This Master of Fake Masterpieces Had to Forge for His Life
Goering loved Christ With the Adulteress. It became his pride and joy, and was prominently showcased in his mansion. After the war, the Allies discovered Goering’s art collection – looted from all across Europe – stashed in a mine. Included was Christ With The Adulteress, along with receipts and documentation that linked it to van Meegeren. The sale of such a rare piece of Dutch cultural heritage to Hitler’s number two was collaboration with the Netherlands’ Nazi occupiers. Arrested and faced with charges punishable by death, van Meegeren had to fess up to save his life. He confessed that the “Vermeer” purchased by Goering was a fake that he had forged, along with many other paintings attributed to Dutch Masters. Understandably, the authorities were skeptical. So he offered to produce another forgery. He would literally forge for his life.

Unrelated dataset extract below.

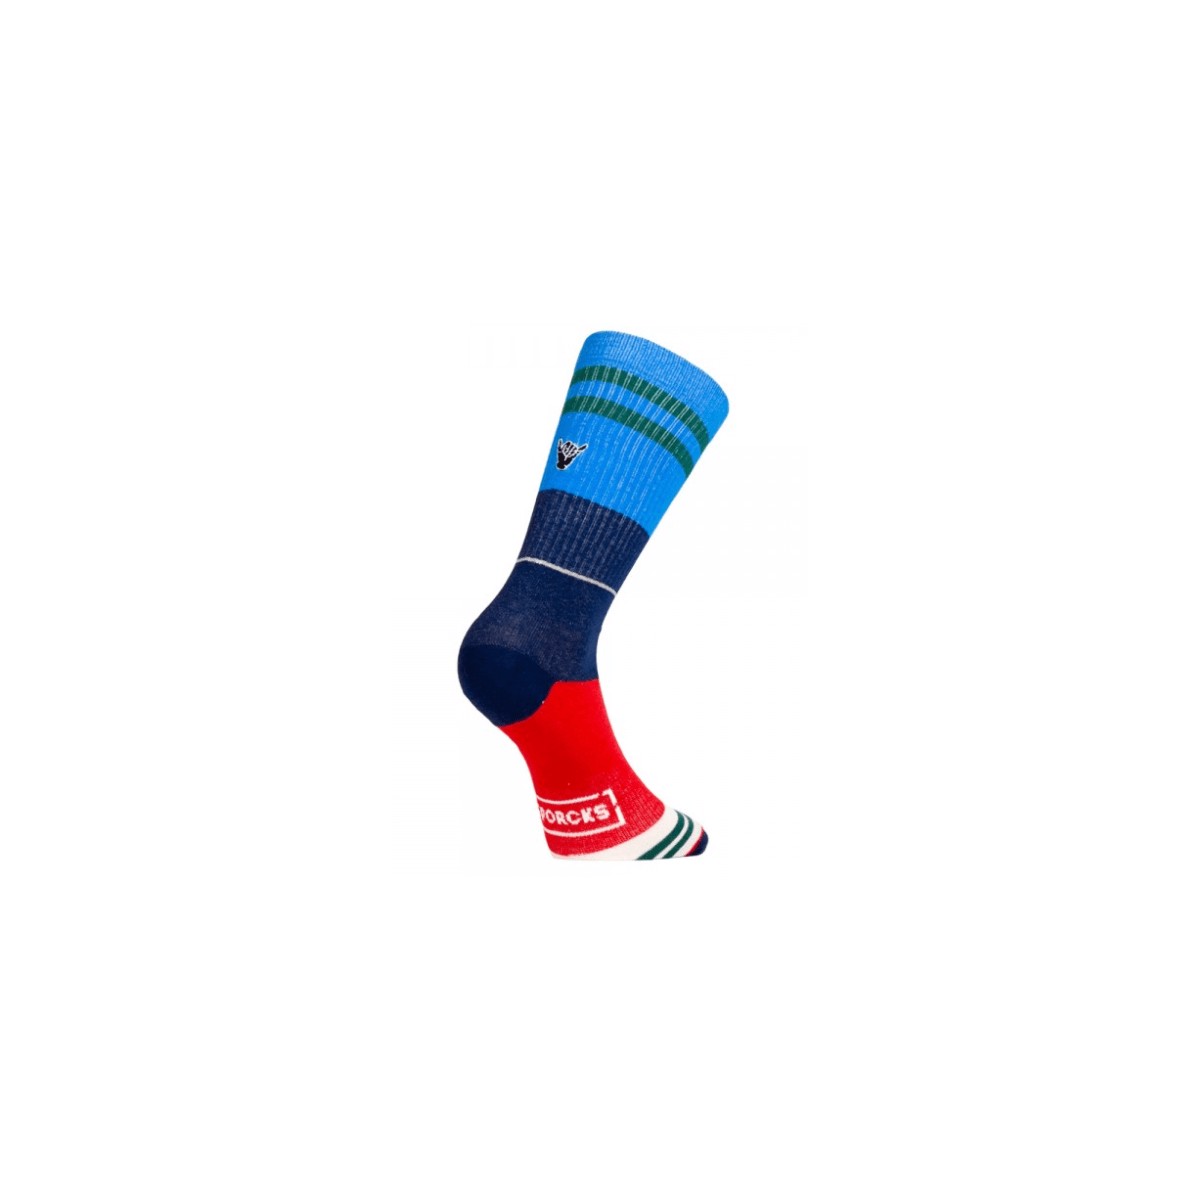 ssige günstig Kaufen-Sporcks Casual Day Off Blaue Socken, Größe S. Sporcks Casual Day Off Blaue Socken, Größe S <![CDATA[Sporcks Casual Day Off Blaue Socken Lässige Linie für den Alltag. Dünn, bequem und atmungsaktiv machen sie die perfekte Socke für a

In the presence of reporters and court-appointed witnesses, van Meegeren forged another “Vermeer”. He used the same materials and techniques to produce Young Christ in the Temple, which experts acknowledged was produced by the same hand that had created the “masterpiece” bought by Goering. A witness described the then-imprisoned Goering’s discovery that his beloved Christ With The Adulteress had been a fake as that of a stunned innocent, who discovered for the first time that there is evil in the world. After van Meegeren demonstrated that he was merely a criminal and not a traitor, the prosecutors dropped the charges of treason and collaboration against him. He still went to jail for the art forgeries, but the revelation that he had conned the Nazis transformed him from a derided traitor into a national hero.